Emblématique des grands projets d'aménagements hydrauliques en Afrique de l'Ouest visant à accroître la production agricole, la politique d'aménagement de la vallée du fleuve Sénégal, et notamment de son delta, a débuté dès les années 1950. Accélérée dans les années 1970 et 1980 sous l'influence de la profonde sécheresse au Sahel, elle a permis tout à la fois l'extension des surfaces irrigables et la sécurisation de l'accès à l'eau d'irrigation toute l'année, mais s'est aussi soldée par un bouleversement complet des écosystèmes et de l'agriculture du Delta, avec une tendance à la spécialisation autour du riz et du maraîchage.
Si la volonté politique d'accroître les surfaces irriguées et de sécuriser la maîtrise de l'eau est demeurée jusqu'à aujourd'hui, les agriculteurs du Delta ont du faire face, depuis les années 1980 et les Plans d'Ajustements Structurels, au désengagement progressif de l'Etat et à une profonde rupture de politique agricole dans toutes ses dimensions : accès au crédit, aux intrants et aux équipements ; conditions d'insertion aux échanges marchands ; gestion du foncier... Si la poursuite de ces aménagements a bien conduit à accroître les emplois créés et garantit aujourd'hui aux producteurs familiaux du Delta des niveaux de revenu plutôt supérieurs à d'autres régions du pays (notamment le Bassin arachidier), elle a aussi favorisé le développement de nouvelles formes productives, patronales ou de type capitaliste, à plus forte disponibilité en capital et très concurrentes de l'agriculture familiale dans l'accès au foncier.
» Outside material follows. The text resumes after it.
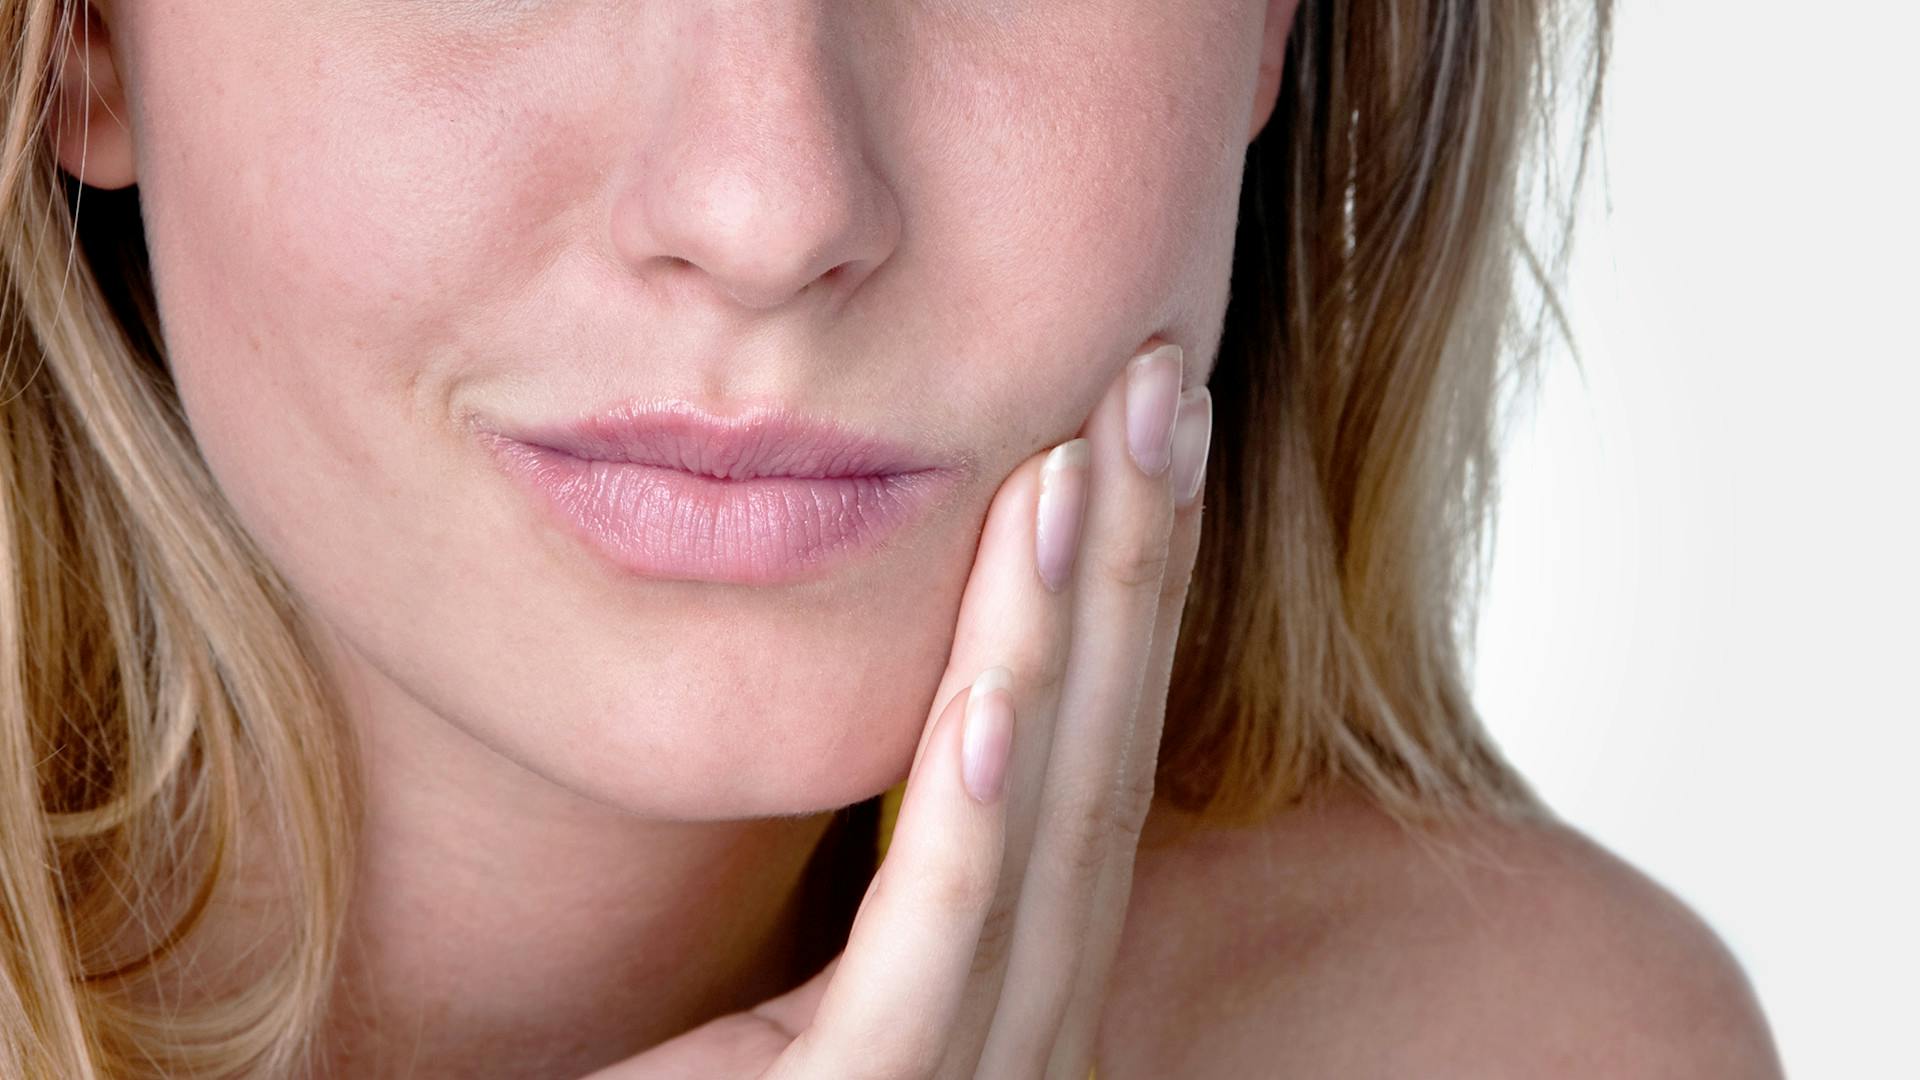 woman with mouth ulcer touching painful mouth and cheek

La crise alimentaire de 2008, enfin, a fait émerger en Afrique de l'Ouest une volonté politique de renforcement de la sécurité alimentaire, qui s'exprime au Sénégal par l'extension et la consolidation des aménagements hydrauliques du Delta, sans remettre en cause la philosophie et les modalités d'intervention, renouvelées au travers de Partenariats Publics Privés qui s'avèrent inaccessibles à la plupart des producteurs familiaux, et en affichant des ambitions d'accroissement de la production déconnectées des capacités productives et du rythme d'accumulation de l'agriculture familiale, laissant plutôt envisager un risque d'accroissement de sa vulnérabilité.
Dans ce cadre de politique agricole nettement moins sécurisant depuis une trentaine d'années et face aux nouvelles concurrences des formes d'agriculture capitalistes, l'agriculture familiale a déployé une adaptation systémique et de nouvelles stratégies, individuelles ou collectives, pour sécuriser son accès au crédit et limiter son endettement, pour tenter de se prémunir des accaparements fonciers et pour mieux maîtriser la commercialisation des produits agricoles.
Grâce à une approche diachronique, systémique et située, liant fait technique et fait social, cette étude se propose de mettre en relief les modalités et capacité d'adaptation de l'agriculture familiale du Delta du fleuve Sénégal à des contextes productifs et de politique agricole profondément évolutifs, tout en analysant le rôle des politiques agricoles et des modèles de développement dans ces dynamiques et sur les inégalités sociales.